Hardy Diagnostics
- Industry: Microbiology
- Founded: October 1, 1980; 45 years ago
- Founder: Jay Hardy, CLS, SM(NRCM), Retired in 2025
- Successor: Christopher Catani, MT(ASCP), RM (ACM)
- Headquarters: Santa Maria, California and Springboro, Ohio, United States
- Key people: Christopher A. Catani, RM (ACM), MT(ASCP) - CEO, President Val Reyes - COO Andre Hsiung - CSO Jeff Schroeder - CFO Ashleigh Rickey - Director of RA Patricia Salazar - Director of Quality Anna Klavins - Director of R&D and Technical Services Mark Carpenter - Director of Sales Ryan Burks - Director of Logistics and Customer Service
- Products: Prepared culture media, reagents, rapid identification kits, laboratory supplies, dehydrated culture media, automated microscope slide stainers
- Number of employees: 430
- Subsidiaries: QuickSlide
- Website: hardydiagnostics.com

= Hardy Diagnostics =

American health care company

Hardy Diagnostics is an American company that manufactures and sells bacteriological culture media, reagents, automated microscope slide staining machines, and rapid identification kits for microbiological testing in clinical, research, and industrial laboratories. The company's culture media is useful in the detection of bacterial pathogens, such as Salmonella, Listeria, E. coli, Tuberculosis, Staphylococcus, Streptococcus, Pneumococcus, Legionella, and others. Founded by Jay Hardy in 1980 and headquartered in Santa Maria, California, Hardy Diagnostics is the third-largest manufacturer of culture media in the United States, manufacturing more than 2,700 different media products. Hardy Diagnostics was recognized by Inc. Magazine as one of the 5000 fastest-growing private companies in the United States in 2009, 2010, 2011, and 2012. In August 2011 Hardy Diagnostics was chosen as "Business of the Year" by the Santa Maria Valley Chamber of Commerce. The company has three manufacturing facilities, headquartered in Santa Maria, California. A second media manufacturing facility is located in Springboro, Ohio. In January 2016, the company acquired a Wichita Falls, Texas manufacturer of automatic microscope slide stainers and dubbed the new division QuickSlide.

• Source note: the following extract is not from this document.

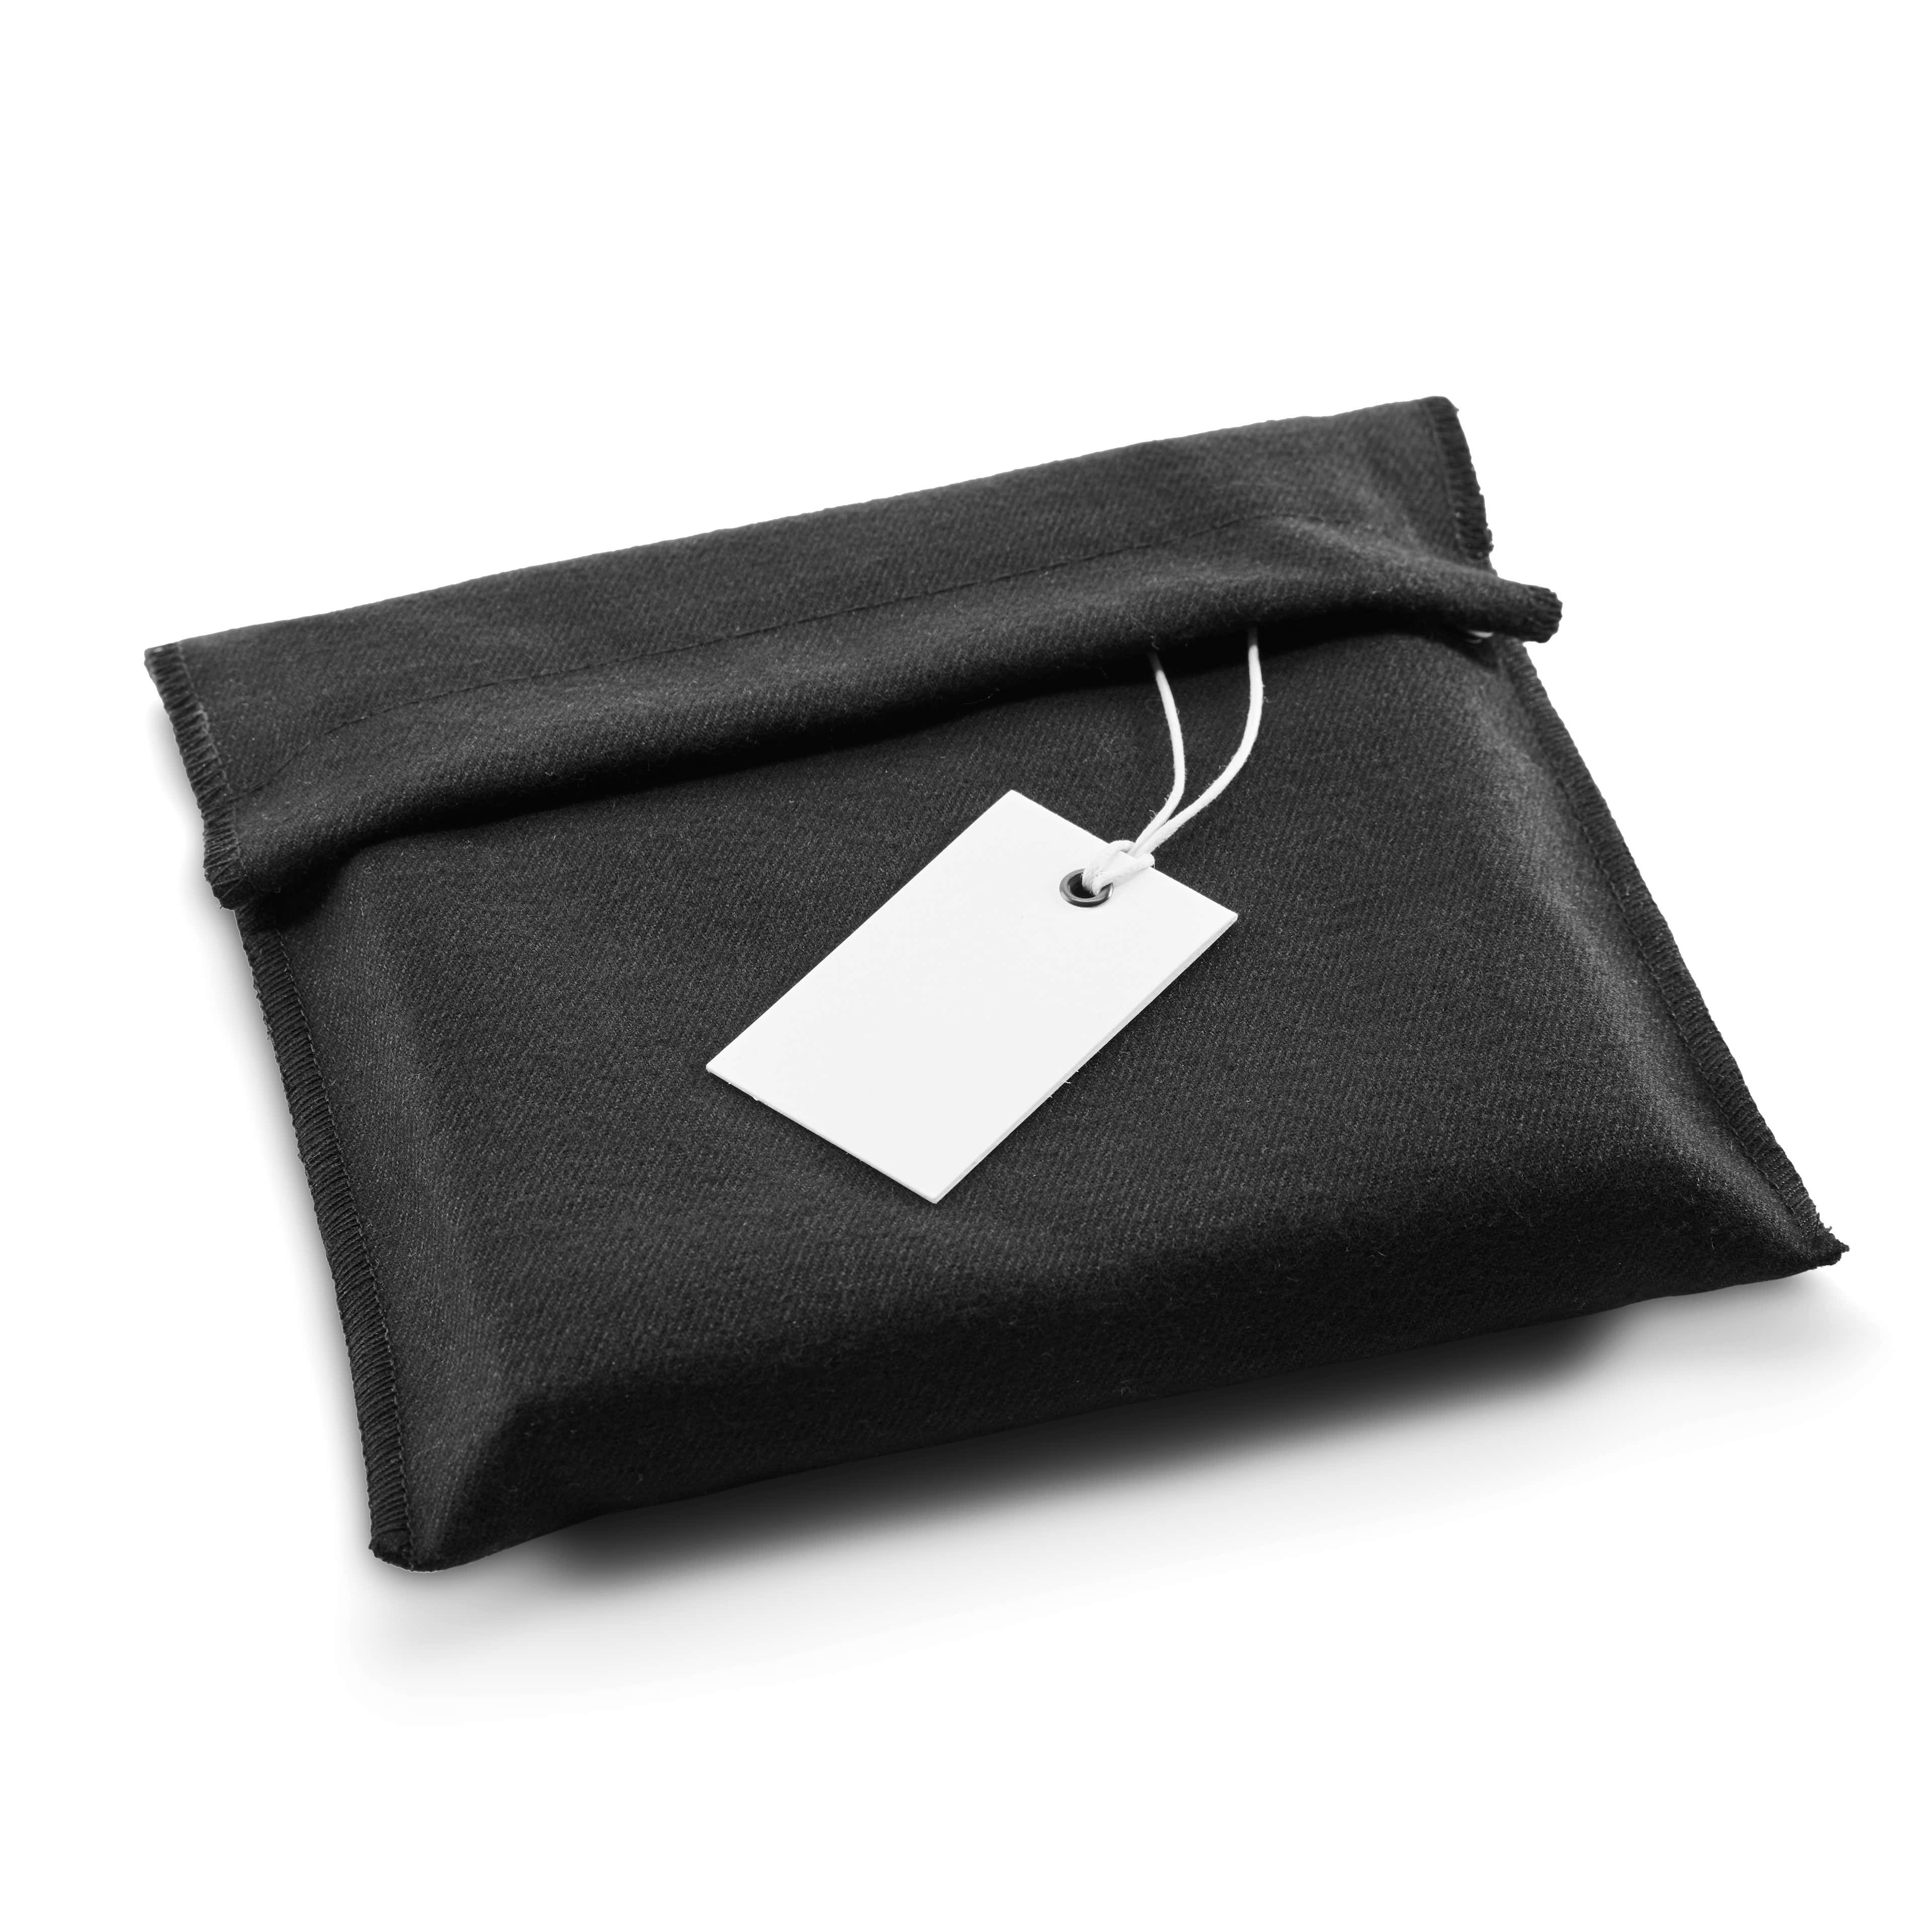 Gift-Ready Packaging - 2 - hover gallery

==Nationwide distribution network==
Hardy Diagnostics is the only culture media manufacturer with 'bi-coastal' production. The company has two culture media manufacturing facilities, headquartered in Santa Maria, California, and its second manufacturing facility is located in Springboro, Ohio. Hardy Diagnostics invested over two million dollars in its clean room facilities in Ohio, which are slightly larger than the manufacturing facility in California. The company operates a third manufacturing facility for its QuickSlide division in Wichita Falls, Texas. There are also ten distribution centers in California, Washington, Arizona, Texas, Ohio, Florida, North Carolina, New York, Utah, and Iowa.

Cal Poly, San Luis Obispo professors created a COVID-19 test that uses a mouth strip for saliva collection, as opposed to a nasal swab. Hardy Diagnostics will be distributing these tests on the market.

== Charitable work ==
In late 2023, Hardy Diagnostics donated $289k to Marian Regional Medical Center Foundation located in Santa Maria, CA. The donation supported the Foundation's purchase of advanced equipment that can identify fungi and bacteria. The hospital, now having equipment not formerly accessible on the Central Coast, will allow for a faster diagnosis of disease.

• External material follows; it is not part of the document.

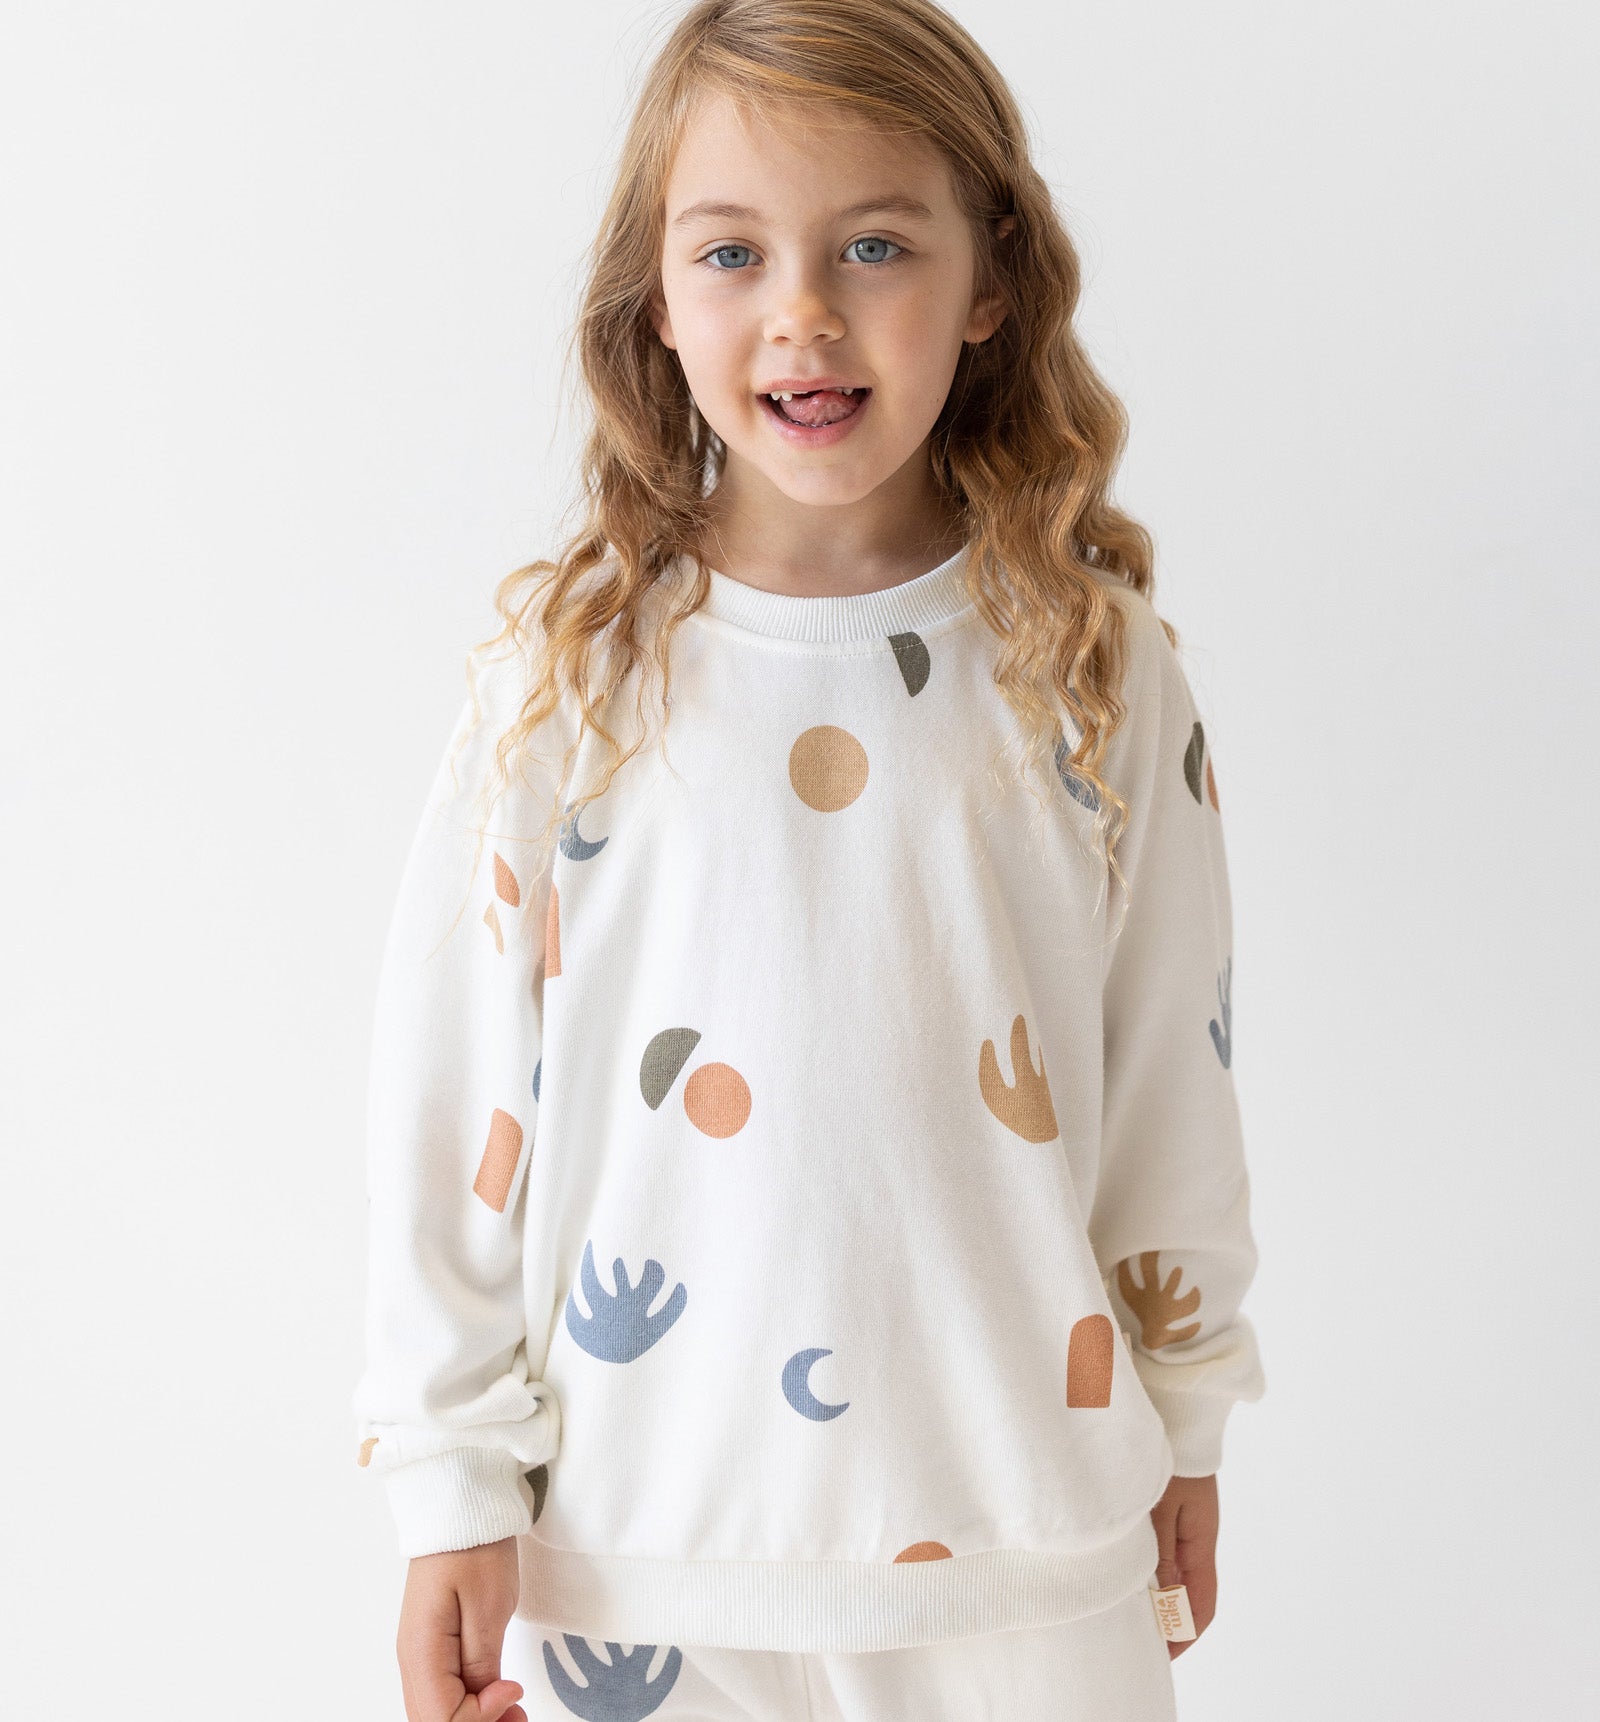 Elements printed sweater. White Bamboo fleece jumper by Bam Loves boo

1% of Hardy Diagnostics' earnings goes to non-profits and local charities.

== Awards and certificates ==

- 2012 - Hardy Diagnostics becomes a certified "Green Business" and is recognized by the County of Santa Barbara, California for its many efforts in preserving our planet for future generations.
- 2011 - Santa Maria Valley's business of the year.
- 2008 - Hardy Diagnostics becomes certified by the American Heart Association as an official "Fit Friendly Workplace" due to its commitment to promoting healthy lifestyles.
- 2004 - Hardy Diagnostics is honored by being presented with the "Founder's Award" from the Santa Maria Valley Economic Development Association.
- 2004 - Hardy Diagnostics receives the "Spirit of Small Business" award for North Santa Barbara County sponsored by the Los Angeles District of the US Small Business Administration.
- ISO 13485 Certified

==Employee ownership==
At the beginning of 2013, Hardy Diagnostics became employee-owned through the formation of an ESOP (Employee Stock Ownership Program). Each Hardy employee is granted shares in the company at no cost to them. In August 2015, Jay Hardy sold his remaining shares to the employees, at which time the company became 100% employee owned.

Because of the culture of an employee owned company, Hardy Diagnostics operates as an "open book" with its employees who are able to track the financial status of the company in minute detail. They also share in the quarterly profits generated by the company.